This transcript was generated automatically and may contain errors.

Hi, I'm Garrett Grohlman, a professional educator at RStudio and the author of two books on R. I've put together these videos to teach you some of the main ideas of doing data wrangling with R and the Tidyverse. If you're not familiar with the Tidyverse, it's a collection of R packages that are designed to help you do data science.

In this series of short videos, we will walk through some of the most useful tools for wrangling your data with R. Also, keep in mind that you can skip around these videos to the tool that you want by clicking the jump to links in the video description.

What is tidy data?

Normally when you wrangle your data, you have two goals. First, you might need to make your data set suitable to a particular piece of software. For example, we're going to need to make our data suitable to R because that's what we're using. And then second, you can actually reveal information by changing the format and the structure of your data.

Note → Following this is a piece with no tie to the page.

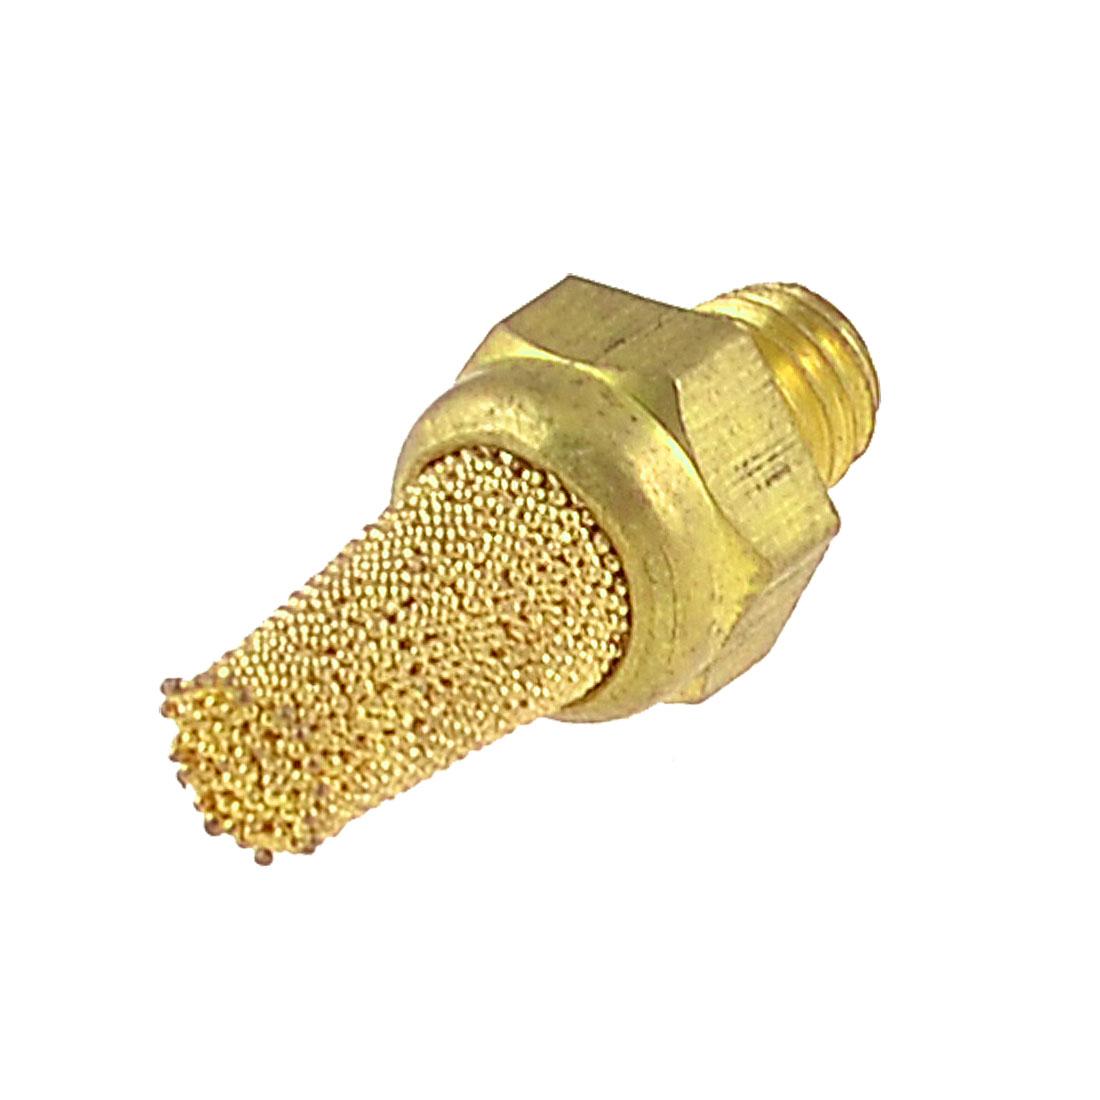 5mm Male Thread Sintered Pneumatic Air Exhaust Silencer Muffler

Let's start with this first goal, making our data suitable for R. So your data sets can come in many different formats, but there's one that R definitely prefers more than the others. And I have some toy data sets in this package, which I built on GitHub. You can download it if you want to use these data sets. It's completely not necessary. I'll be using these and you can just sit back and watch. But should you want to install this package, first install the DevTools package, which is on Crayon, and then use the install GitHub command in DevTools to install this from the link rstudio-edawr.

Inside this data frame, inside this package, I have some data frames that are all fairly small, but demonstrate the sort of layout and formatting issues that you might encounter with data in R.

For example, here are three data frames from the package. One's some data about hurricanes in the Atlantic Ocean. One's some cases of a disease, in this case TB, in different countries in different years. And one's some data about pollution. And we could go through these three data frames and try to analyze what they contain. In particular, we could look at what variables are in each of the data frames.

So in the storms data frame, it's pretty straightforward. We have a variable that talks about the names of each of our storms. A variable that has something to do with the wind. It's actually the maximum wind speed recorded for each storm. A variable that records the pressure of each storm and the date on which these measurements were made. So there's four variables in that data frame.

If we turn our attention to the cases data frame, we'll see that we have a variable that has some sort of country code. So we see France, Deutschland, and the United States there. We have a variable that lists different years. 2011, 2012, 2013. And we have a variable that's left over that's something like a frequency or a count. Or you might just call it N. And that's here.

And if you compare cases to storms, you can see already that we have the difference between the two data frames. They store the values of their variables in different ways. In storms, each variable is put in its own column. In cases, one variable's in a field of cells, one's across the column headers, and one's in its own column.

When we get to pollution, we see a different format still. We have a variable that's different city names. And then it looks like we have a variable that describes particle size and a variable that describes some sort of amount. But I think you can also argue, and this is what I would argue, that we actually have a variable which is the amount of large particles that each of these cities has in its air and a second variable which is the amount of small particles that each city has in its air. And if you wanted to compute some number for each city, like the ratio of large to small particles, then you'd have to treat these things as separate variables to do math with them.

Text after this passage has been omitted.